One of those researchers was Günter Mühlberger at the University of Innsbruck. The German language scholar already had some experience in the growing field of digital humanities but a discovery one Christmas proved to be the spark for a new kind of project.
“We had the work Christmas party at 7 pm, and I had an hour before at the office. I was searching a bit on the internet and found out that the EU had a programme called ‘Telematics for Libraries’,” Günter explained. “I immediately thought of the newspaper clipping service at our department, which used to cut out interesting newspaper articles on literary issues from a number of German newspapers and store them in a large archive.”
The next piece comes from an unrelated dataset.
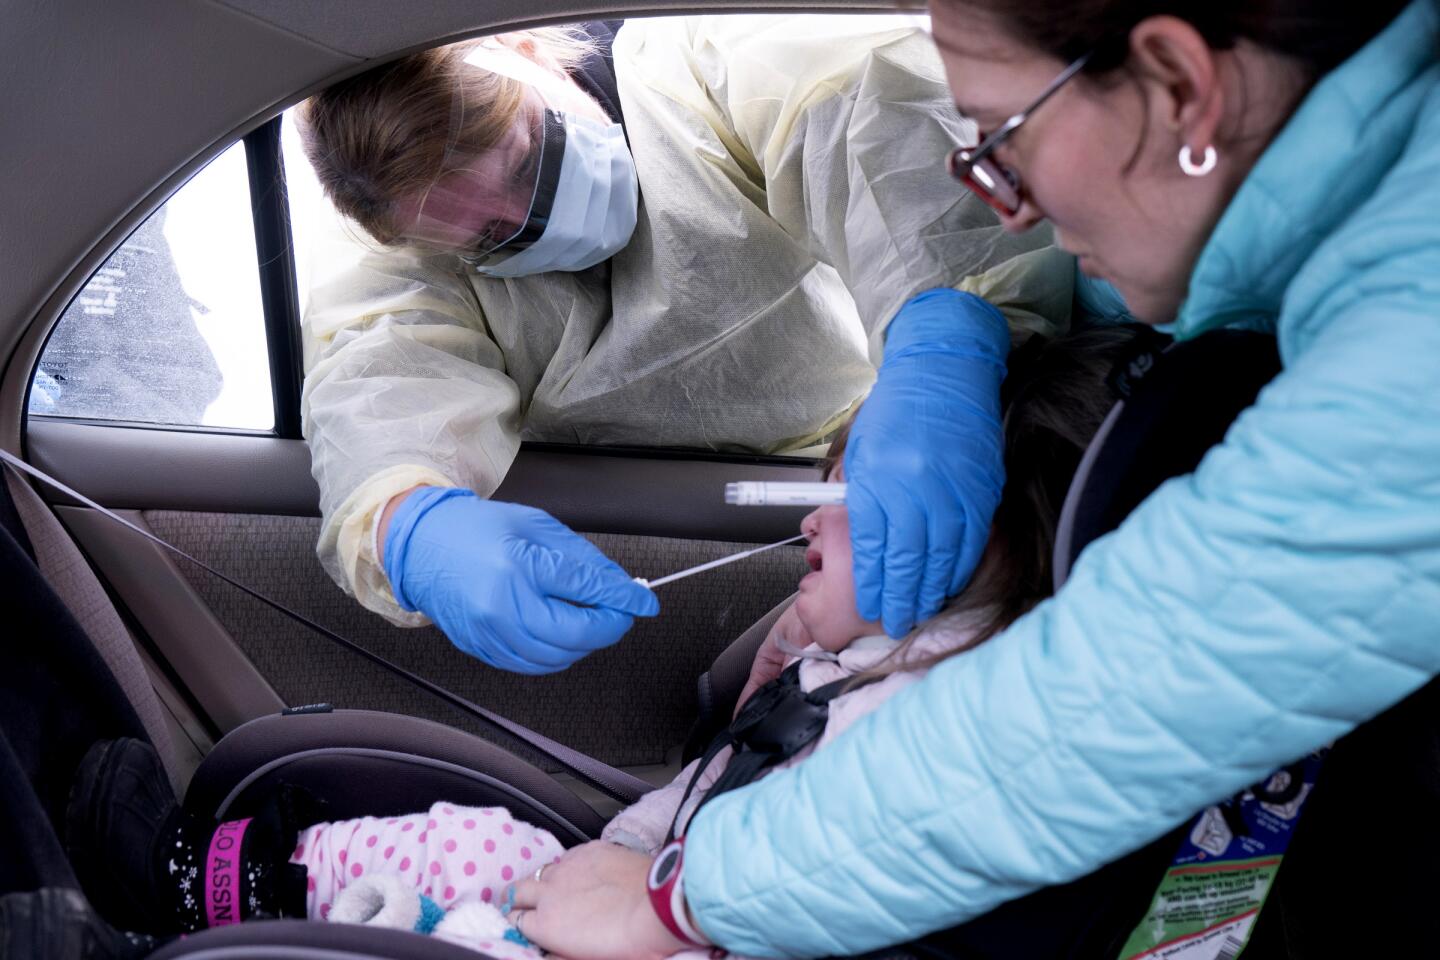 Canada: A medical professional collects a sample from a young girl at a drive-through coronavirus screening clinic in Montreal.

“So at the Christmas party, I approached the head of this archive and said I had an idea for digitising this kind of collection and that we might get some money from the EU. And we decided to go for it.” The team put in an application and while they weren’t granted the full amount, the EU gave them enough funding to get this first large OCR project off the ground. They managed to create a system that could digitise the newspaper cuttings and store them digitally, as opposed to physically. “Everyone wanted to have the project, and it was clear that this was the start of something bigger.”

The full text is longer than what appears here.